This work provides a theoretical framework for assessing the generalization error of graph neural networks in the over-parameterized regime, where the number of parameters surpasses the quantity of data points. We explore two widely utilized types of graph neural networks: graph convolutional neural networks and message passing graph neural networks. Prior to this study, existing bounds on the generalization error in the over-parametrized regime were uninformative, limiting our understanding of over-parameterized network performance. Our novel approach involves deriving upper bounds within the mean-field regime for evaluating the generalization error of these graph neural networks.
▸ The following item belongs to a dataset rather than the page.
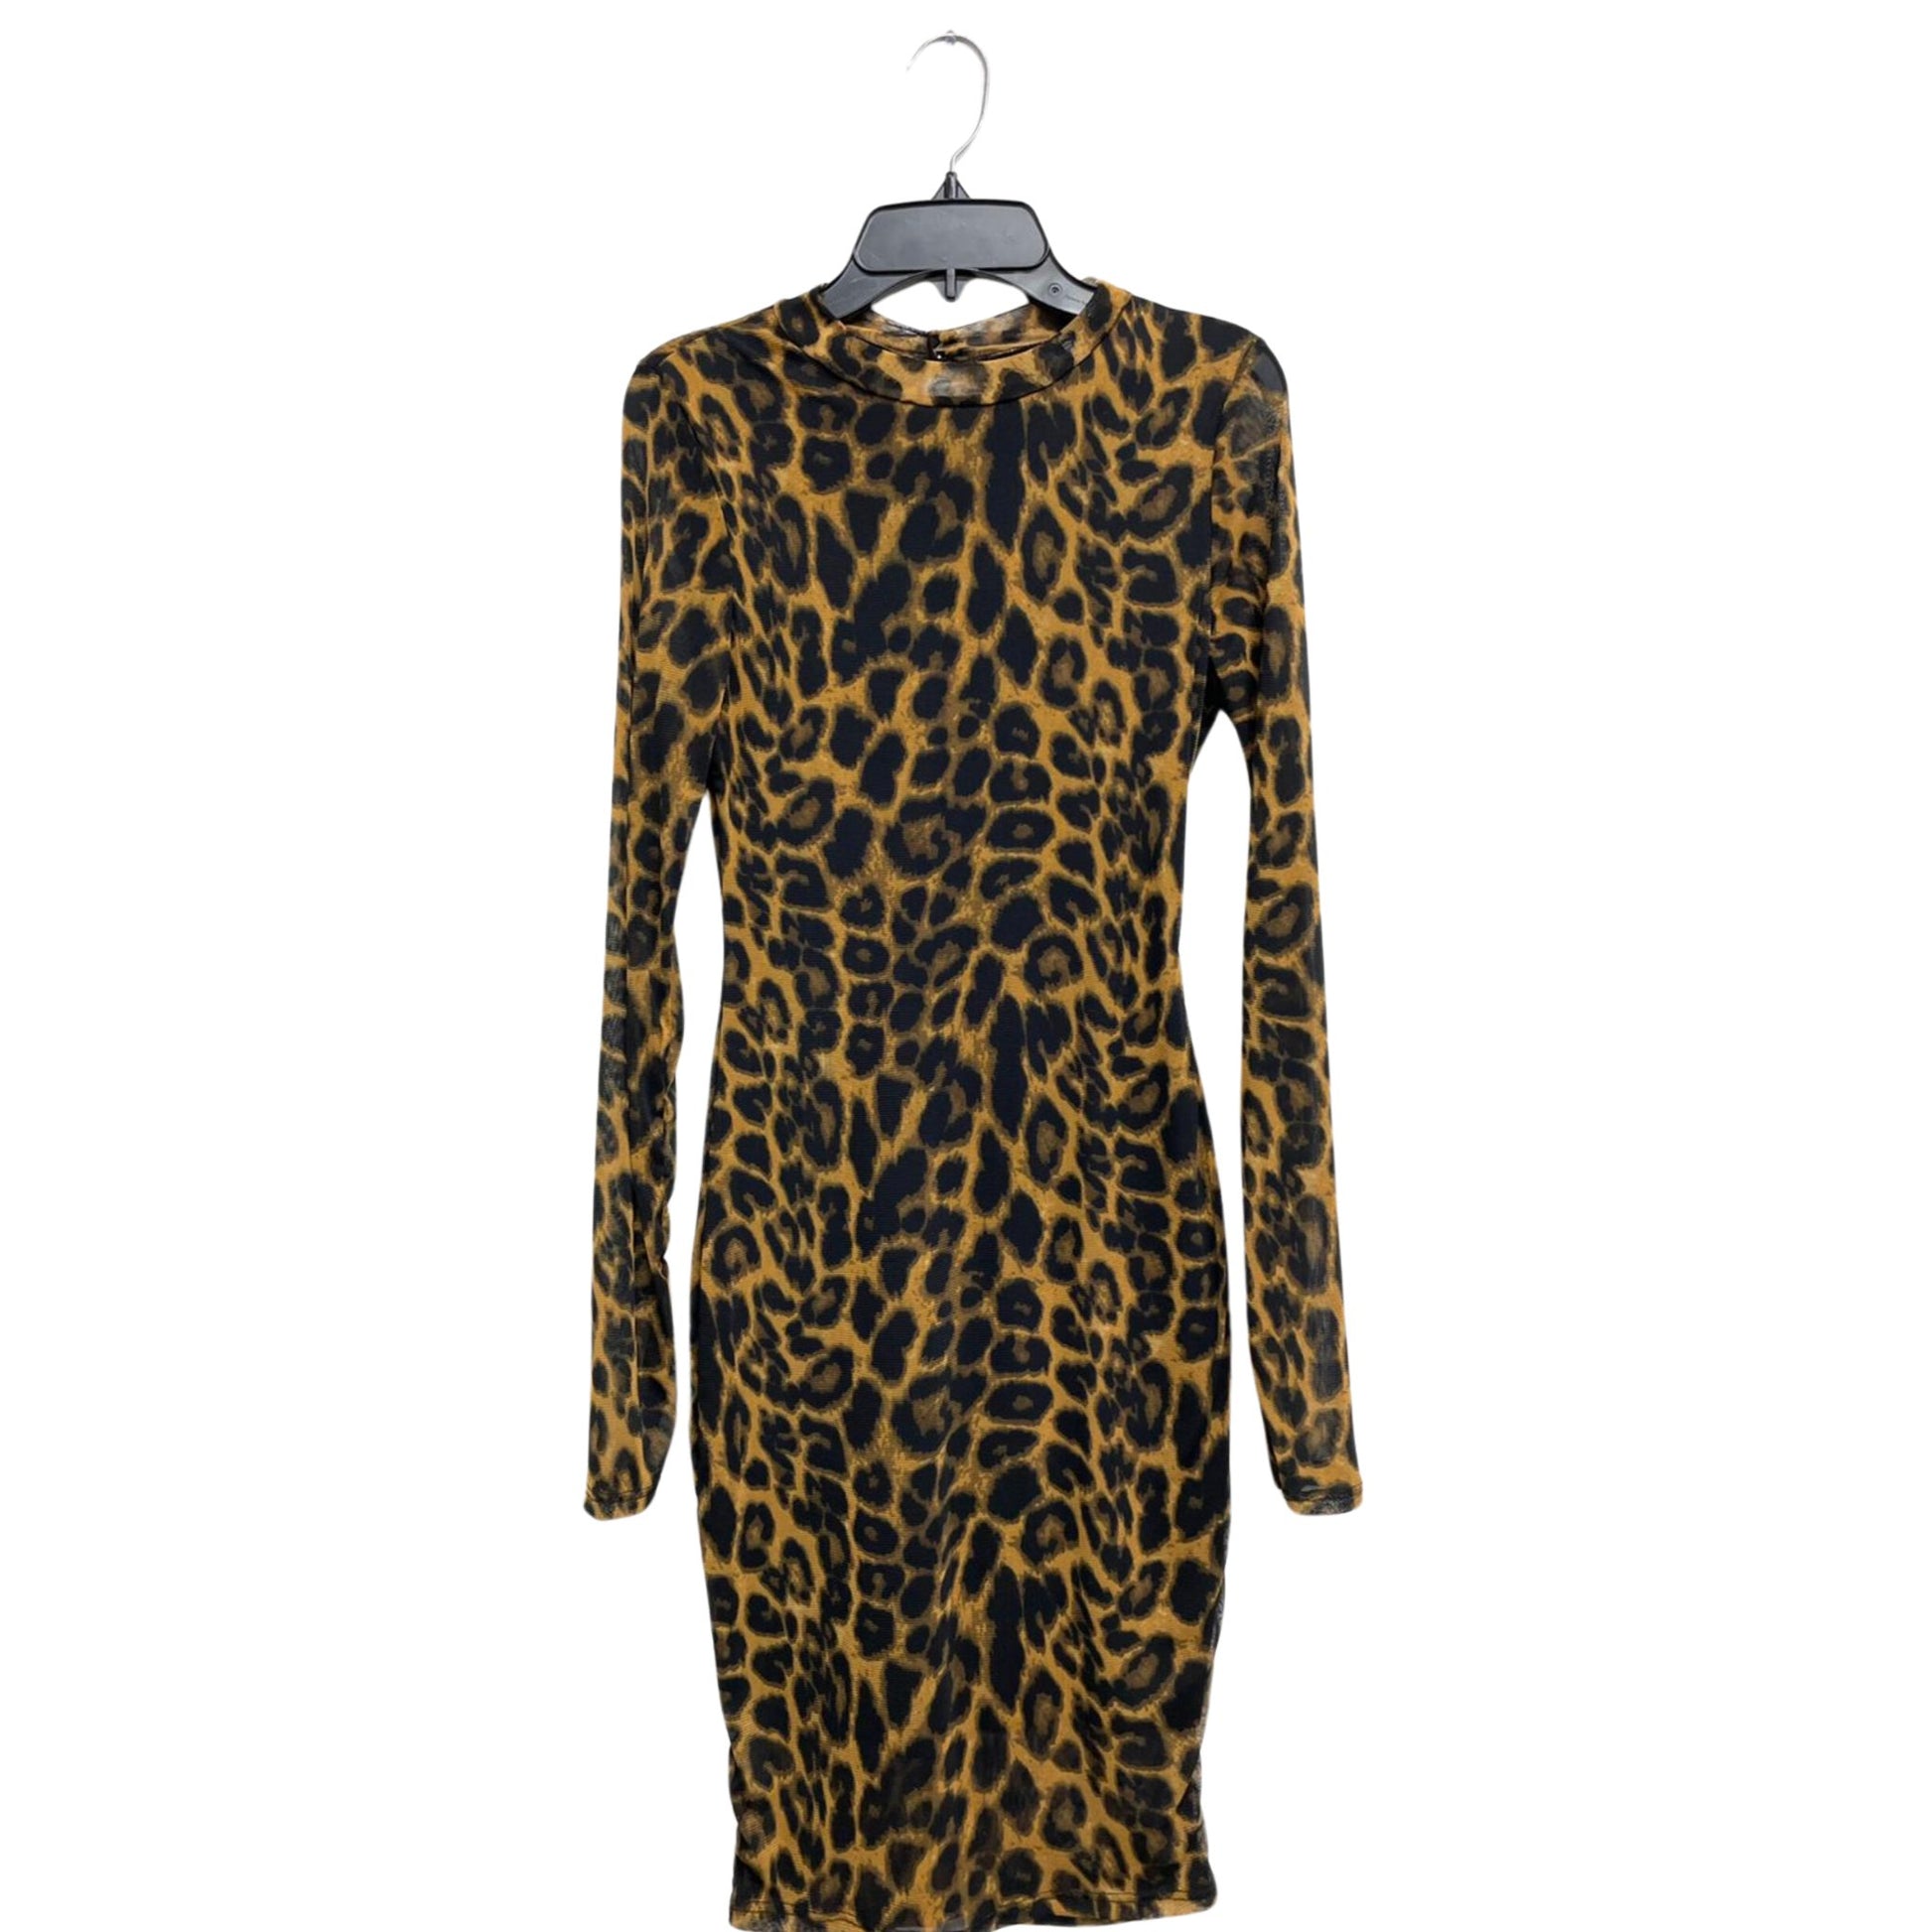 Leopard mesh dress - Lavish life LLC

We establish upper bounds with a convergence rate of $O(1/n)$, where $n$ is the number of graph samples. These upper bounds offer a theoretical assurance of the networks' performance on unseen data in the challenging over-parameterized regime and overall contribute to our understanding of their performance.

翻译：本研究为评估过参数化机制下图神经网络的泛化误差提供了理论框架，其中参数数量超过数据点数量。我们探究了两种广泛使用的图神经网络：图卷积神经网络与消息传递图神经网络。在本研究之前，过参数化机制下现有的泛化误差边界缺乏信息量，限制了对过参数化网络性能的理解。我们的创新方法涉及在均值场机制下推导评估这些图神经网络泛化误差的上界。我们建立了收敛速率为$O(1/n)$的上界，其中$n$为图样本数量。这些上界为网络在具有挑战性的过参数化机制下对未见数据的性能提供了理论保证，并整体增进了我们对其性能的理解。